*INPUT RECORDS*

- - - - -

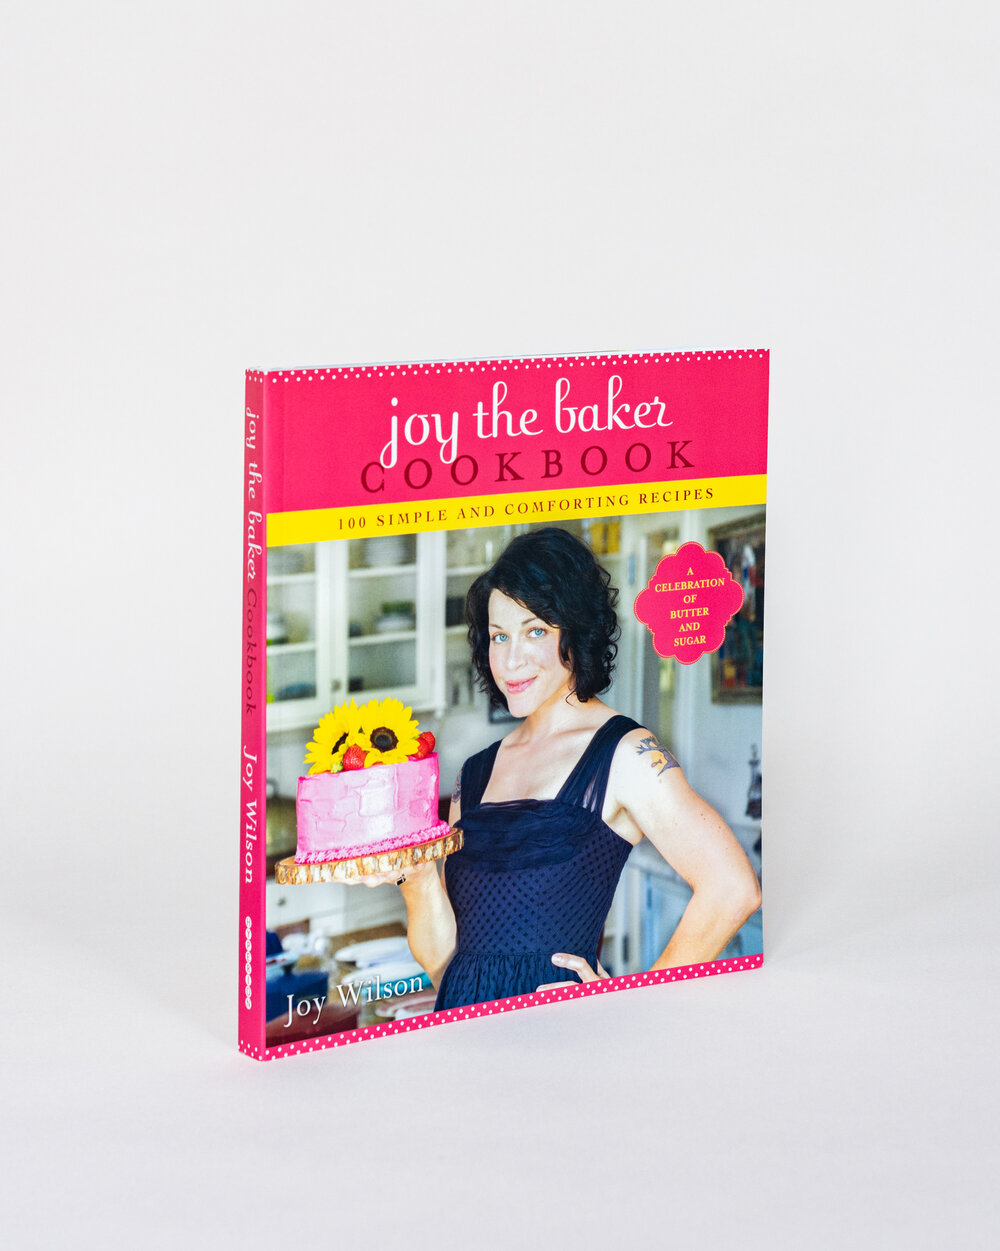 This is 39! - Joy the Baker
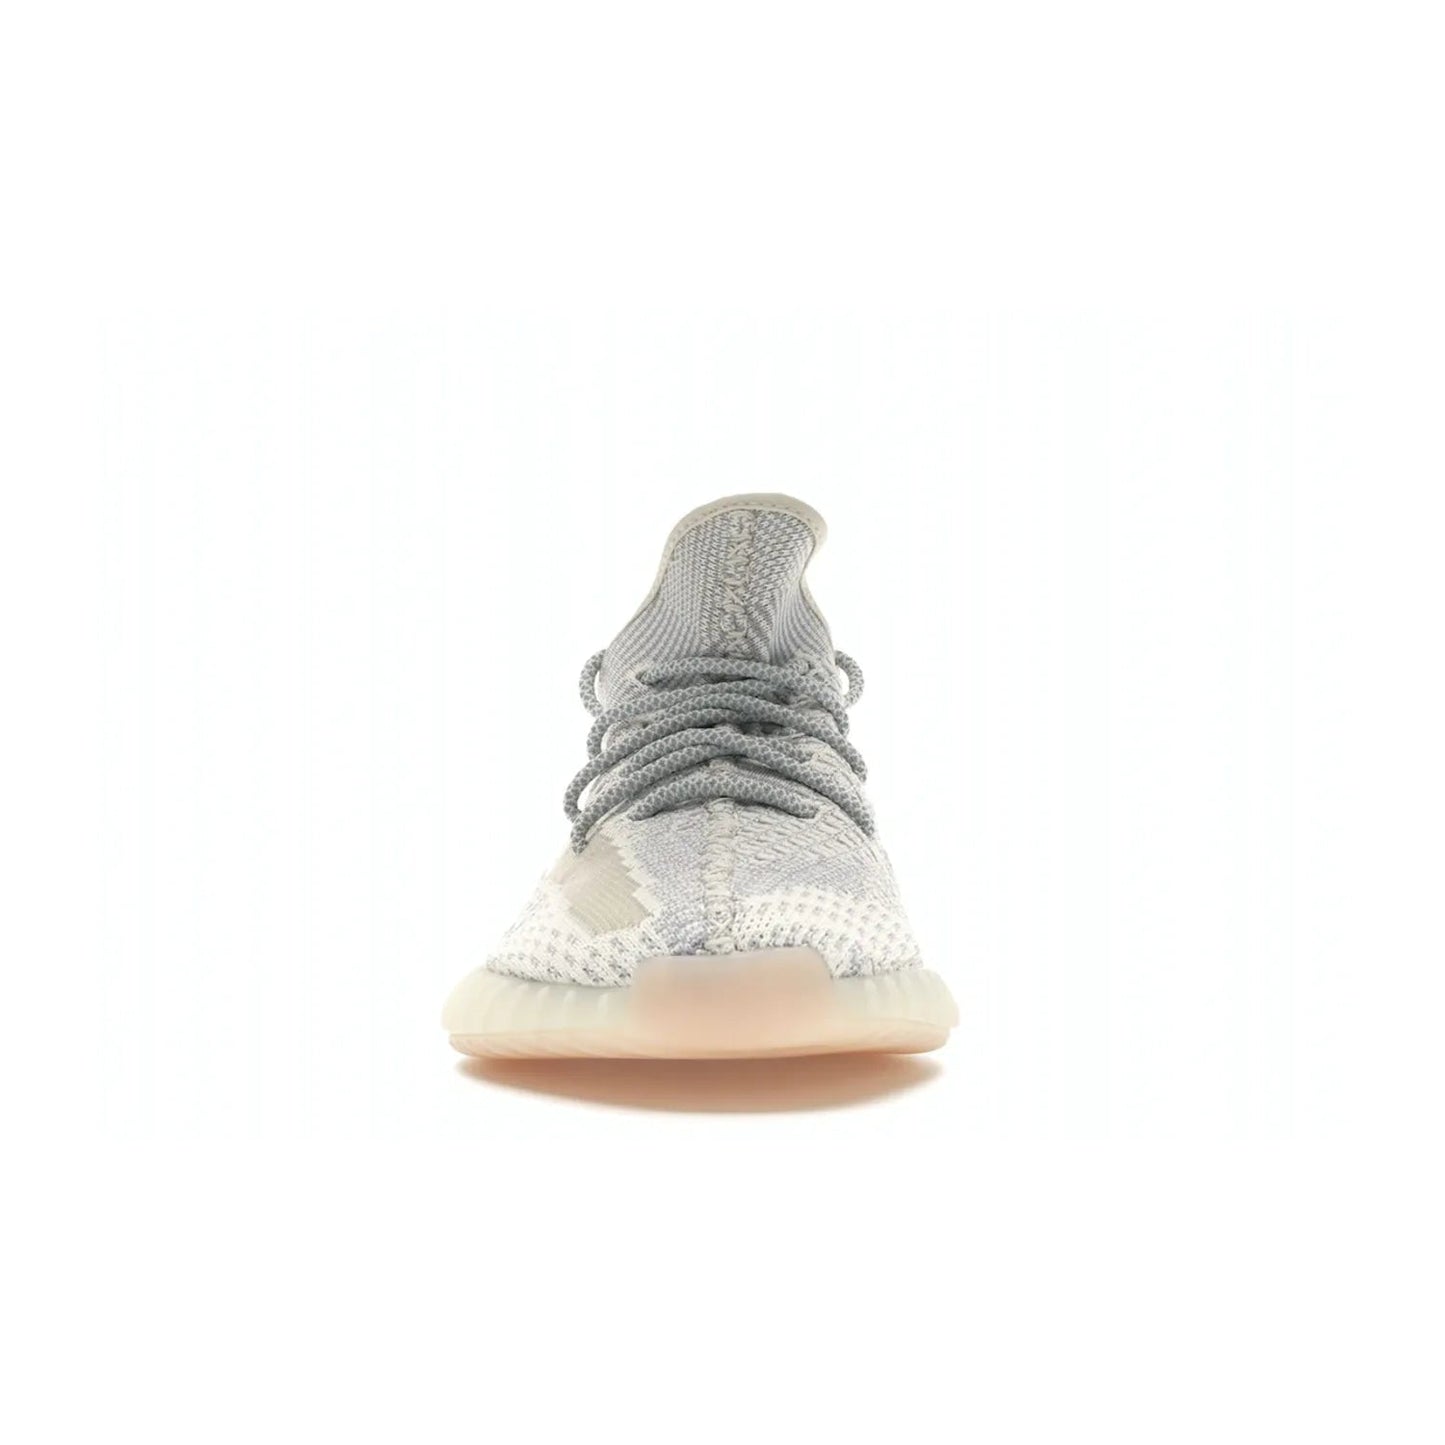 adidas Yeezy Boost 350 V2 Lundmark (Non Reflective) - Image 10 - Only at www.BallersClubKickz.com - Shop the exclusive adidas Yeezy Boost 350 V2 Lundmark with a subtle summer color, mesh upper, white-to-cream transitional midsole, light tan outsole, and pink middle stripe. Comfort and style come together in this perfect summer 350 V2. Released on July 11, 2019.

- - - - -

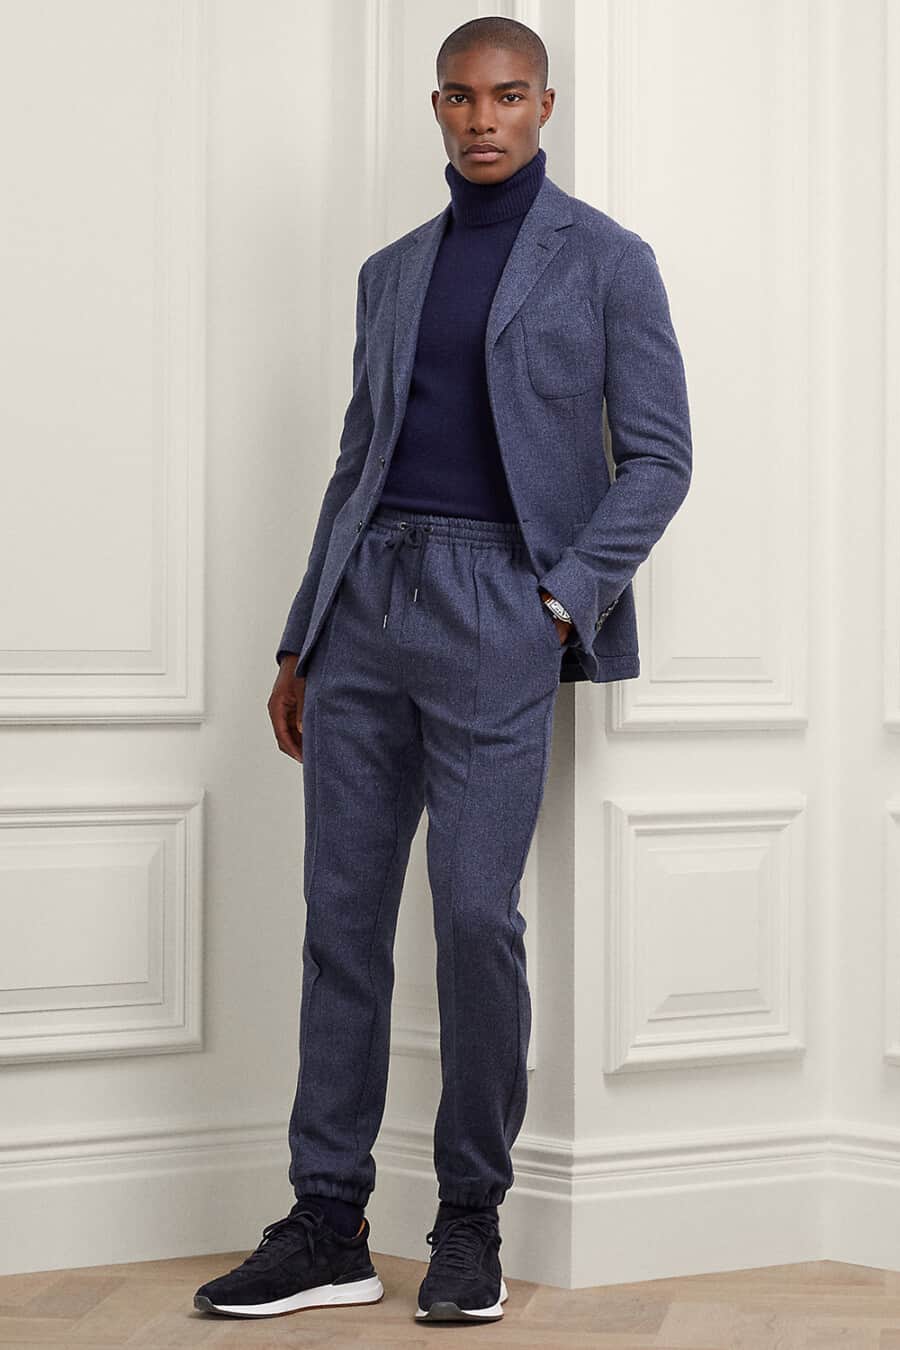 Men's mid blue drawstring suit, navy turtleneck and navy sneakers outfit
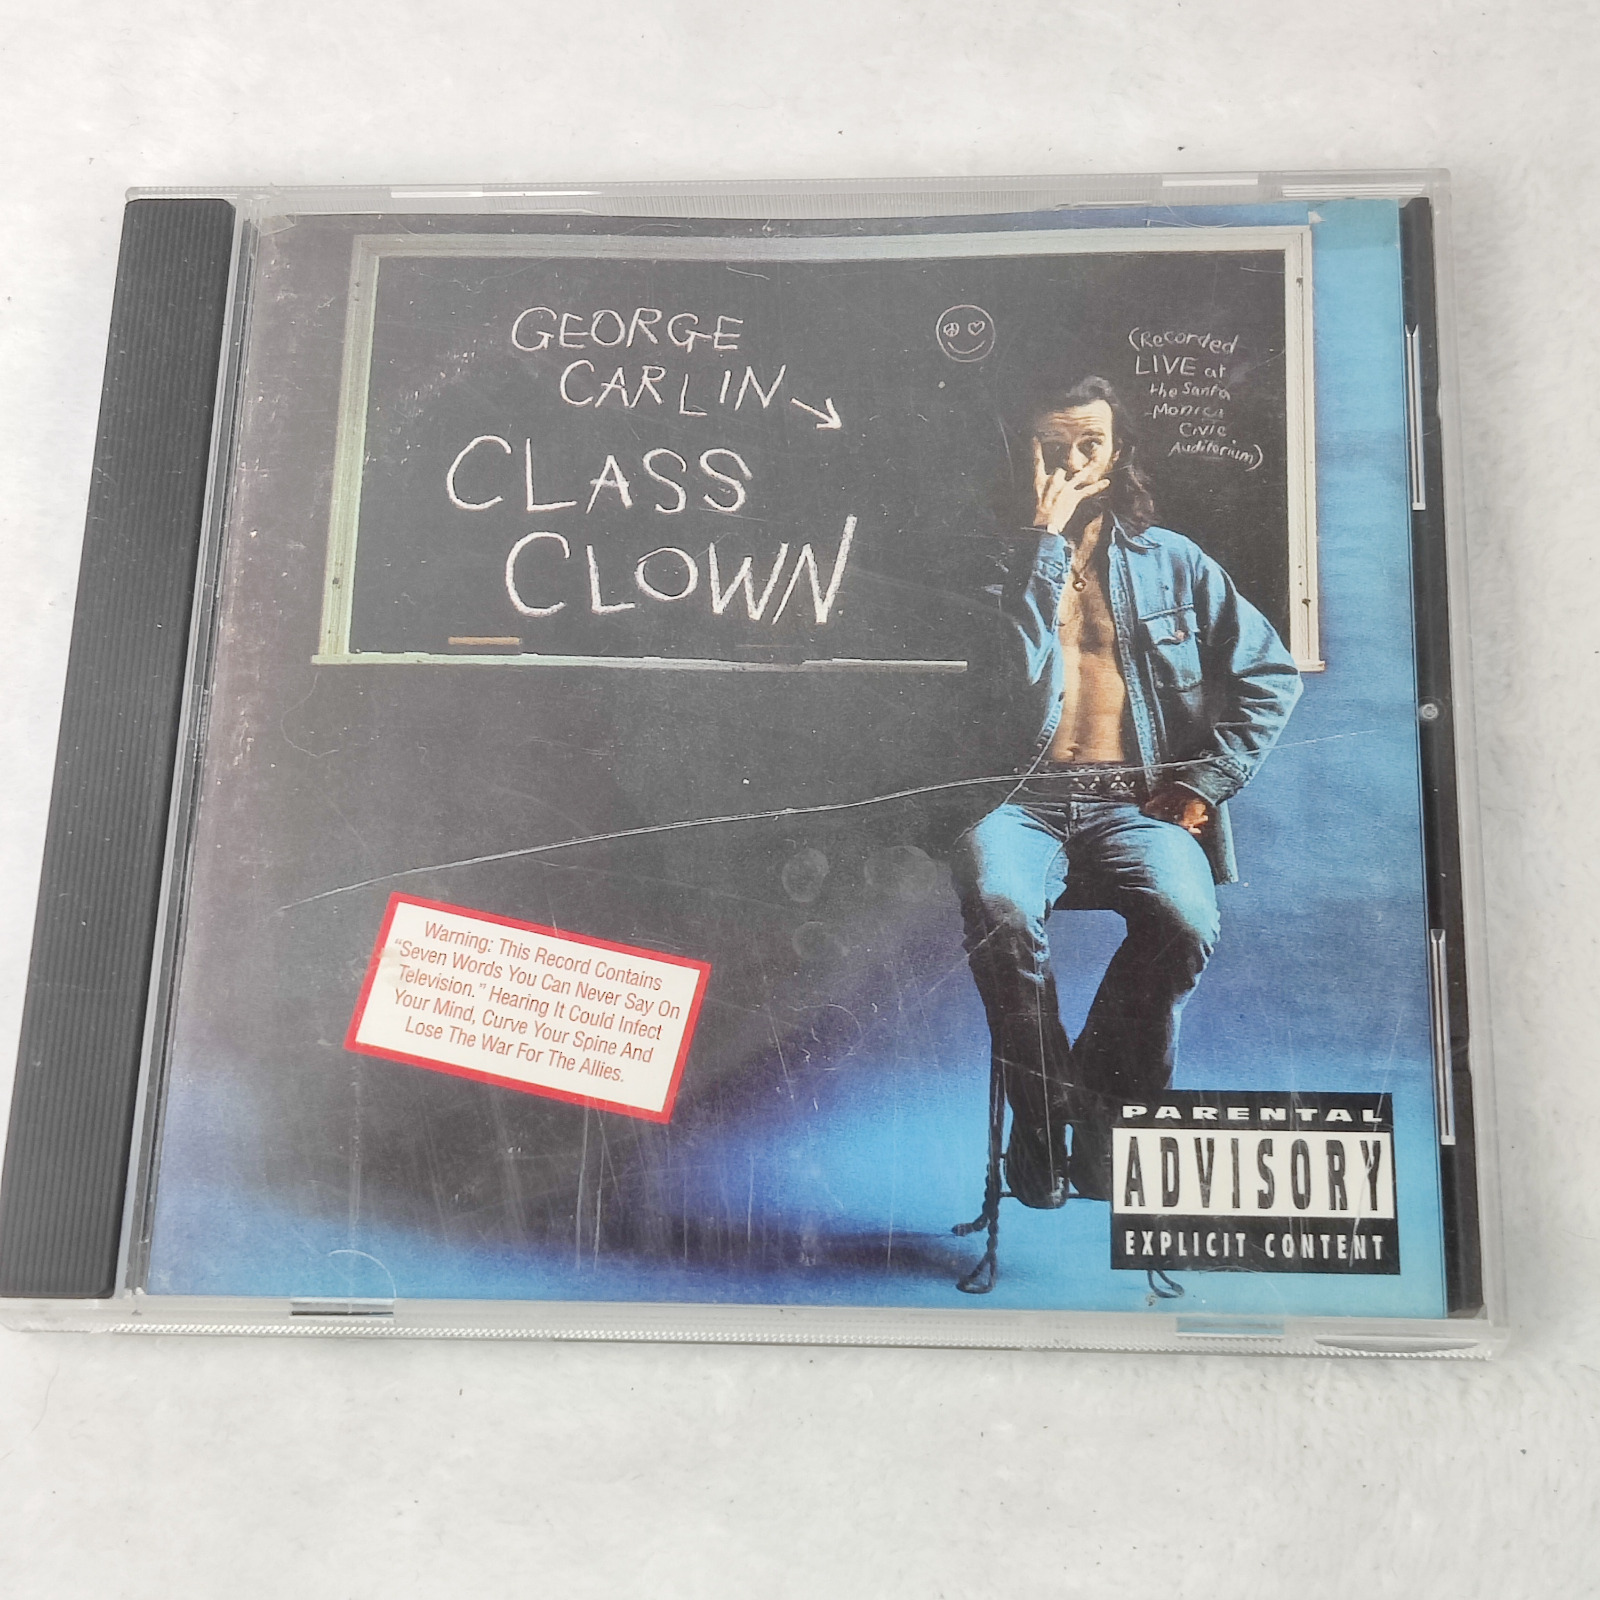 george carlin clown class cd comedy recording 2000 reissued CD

- - - - -

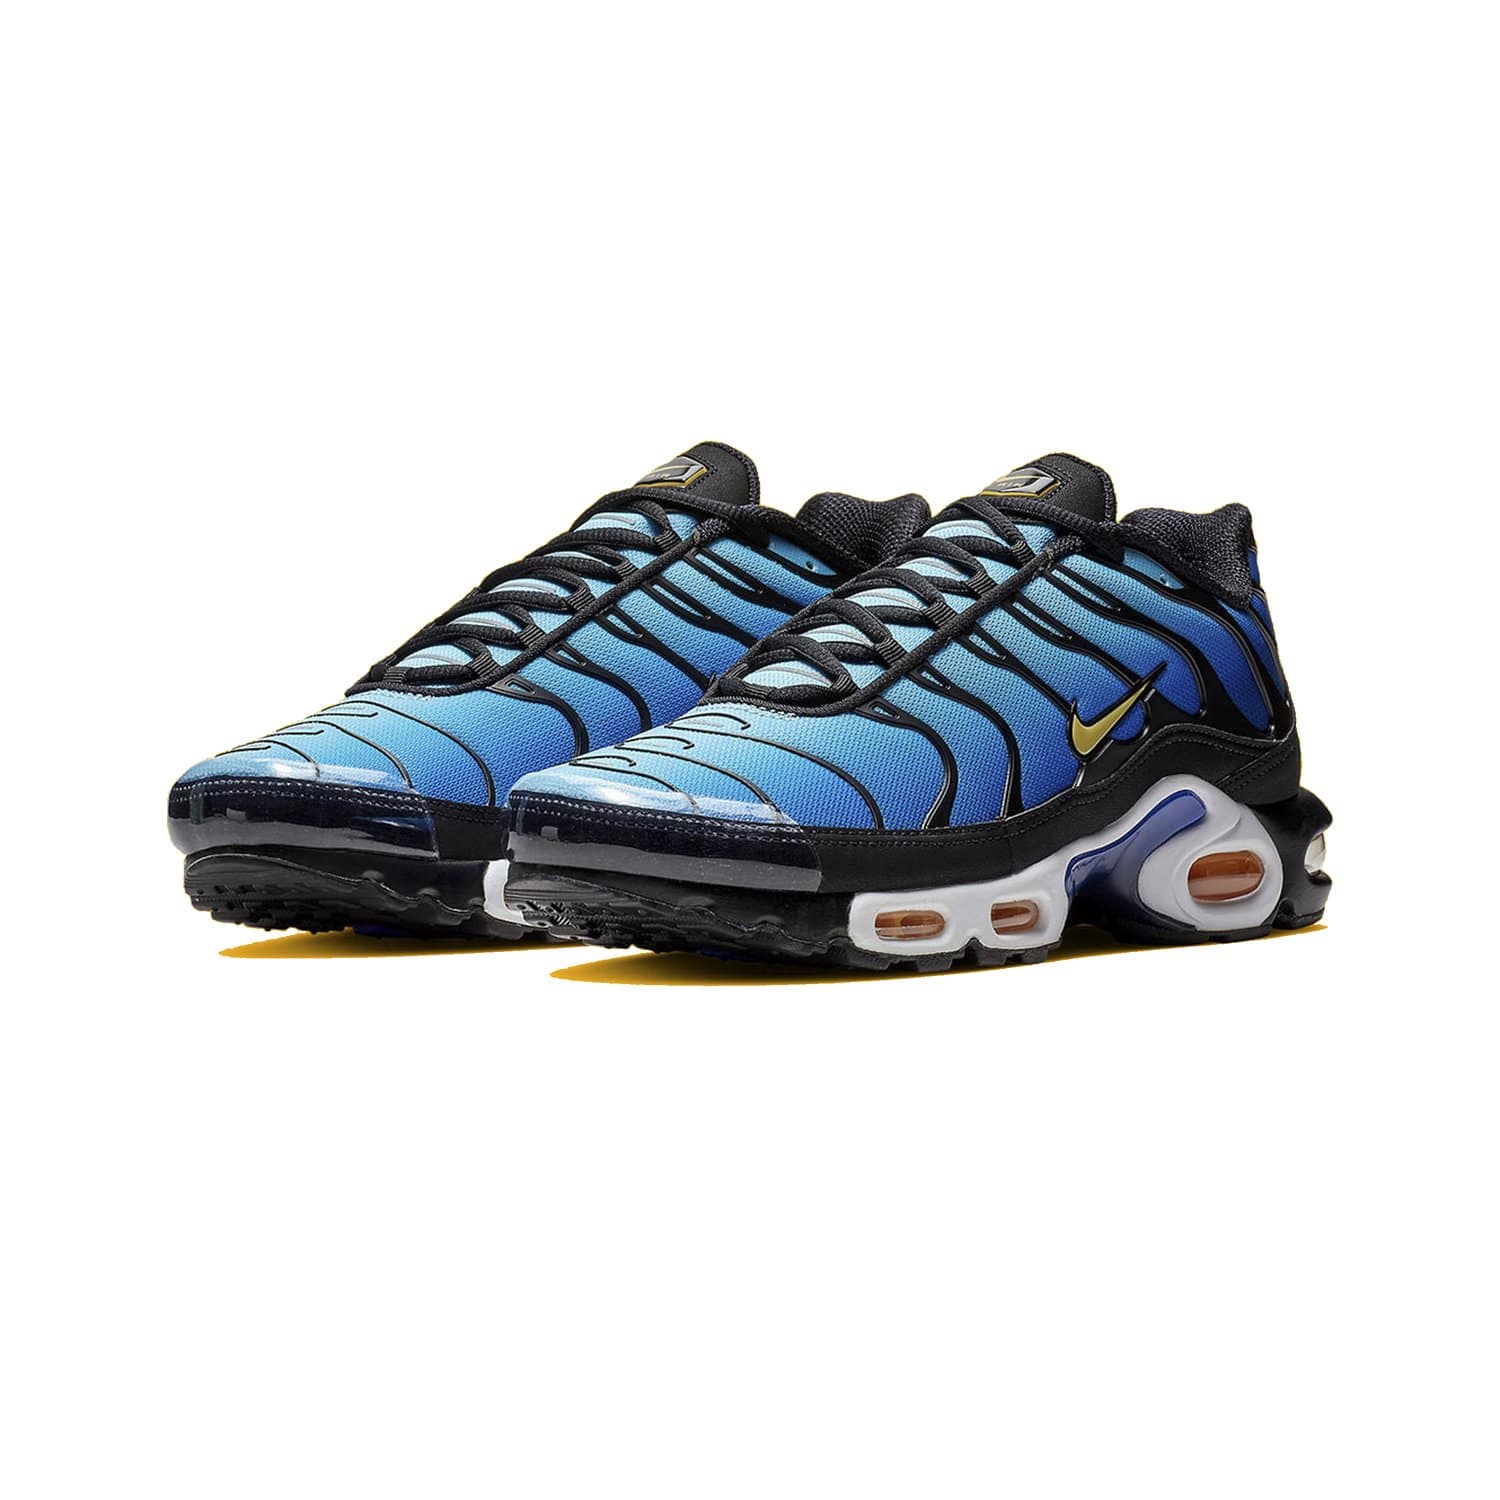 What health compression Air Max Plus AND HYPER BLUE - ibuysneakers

- - - - -

*DIRECTIONS FOR THIS TASK*
An exact copy is needed of the entries above, starting at the line that holds "This is 39! - Joy the Baker" and stopping at the line that holds "adidas Yeezy Boost 350 V2 Lundmark (Non", both kept; pictures stay out.

*OUTPUT OF THE EXERCISE*
 This is 39! - Joy the Baker
 adidas Yeezy Boost 350 V2 Lundmark (Non Reflective) - Image 10 - Only at www.BallersClubKickz.com - Shop the exclusive adidas Yeezy Boost 350 V2 Lundmark with a subtle summer color, mesh upper, white-to-cream transitional midsole, light tan outsole, and pink middle stripe. Comfort and style come together in this perfect summer 350 V2. Released on July 11, 2019.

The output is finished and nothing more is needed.